Released Via Nuclear Blast
Genre: Death Metal
1. Breaching The Asylum
2. The Black Sheep
3. Marching Through Graveyards
4. Thy Serpent's Tongue
6. Soul Destroyer
7. Carrying Crosses
9. Hate Spirit
10. The World Is A Dying Insect
The Canadian death metal institution Kataklysm have been on a rapid ascent over the years. True enough, in their now fifteen year tenure with Nuclear Blast, Kataklysm are yet to disappoint with their studio output. Gaining recognition and fans bit by bit as they go. Without a doubt, 2013's 'Waiting For The End To Come' saw them climb higher than anticipated, gain immense profile and draw in the live arena. They have been no stranger to festivals over the years but the last two years have seen the band seemingly work harder than ever. Now, with their follow-up, many hope to see a return on all the interest the band have cultivated. This means that 'Of Ghosts And Gods' cannot disappoint.
This is a band that, though rooted firmly within the realms of death metal, have never been afraid to put the odd subliminal twist upon their output. Stepping out of their comfort zone and taking their fans along for the ride. 'Of Ghosts And Gods' sees the band proceed again to new grounds. While still heavy enough to please all comers, the record carries a lot more melody than its predecessor. Opener 'Breaching The Asylum' proves this all-too-well. The song is catchy, with a lyrical message concerning the madness of religion in modern times, showing that frontman Maurizio Iacono hasn't lost the desire to invoke thought within the listener's mind.
Second track 'The Black Sheep' takes the bands sound further afield, as its heavy, heavy riffing power is built around a super-thick groove the likes that one would expect of a band like Devildriver or Lamb Of God rather than this death metal outfit. Recoil from that statement, you may; but the effect is huge. This is a song that is an iron-clad live contender. Look out for the pits with this song. 'Marching Through Graveyards' is reminiscent of the first track, but with a satisfying blast beat that will take seasoned Kataklysm fans back to the band's hyperblast beginnings. The same applies to 'Thy Serpent's Tongue'. This is more akin to old school Kataklysm but it also has a groove woven through it which saves it feeling like a total throwback.
If anything, the presence of the super-speed drumming of Oli Beaudoin at various points through the middle of the album helps this record achieve more heaviness than we heard on 'Waiting For The End To Come', and the song writing on this record feels that bit more complete. The groove element may lead to some fans turning their noses up at this record, but those people would be missing out on a solid, cohesive and smooth flowing album. There may well be people out there that were hoping to hear an album's worth of songs that sounded like 'Elevate' with this record, but my ears are more than happy to hear Kataklysm refusing to repeat themselves.

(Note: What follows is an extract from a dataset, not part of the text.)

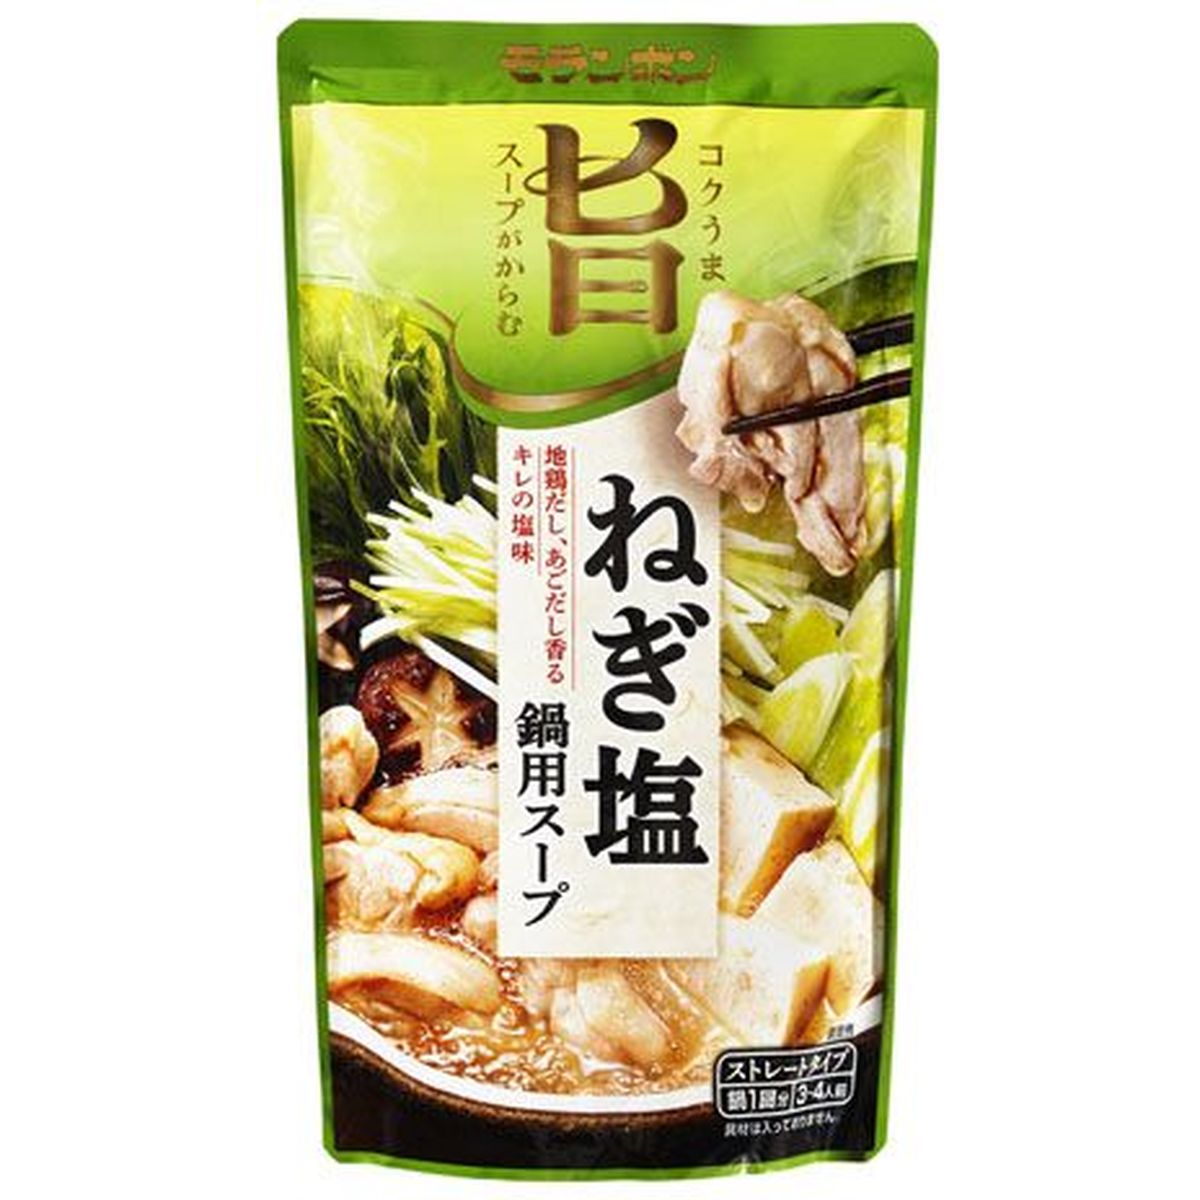 【10個入リ】モランボン コク旨カラム ネギ塩鍋スープ 750g

At the end of the day these are well-crafted songs that bear a lot of substance, a lot of heaviness and even more staying power. It may be a grower for some, and I would urge those people to stick by this album. As soon as I learned that Andy Sneap would be taking care of mixing this album, I knew it would sound great, and it does. Everything is clear and full of impact. If anything, this record exceeds 'Waiting For The End To Come' and should see Kataklysm's steady climb up the mountain that is the metal hierarchy continue ever stronger. After twenty three years as the underdogs, I think its about time that Kataklysm have their turn at the crown.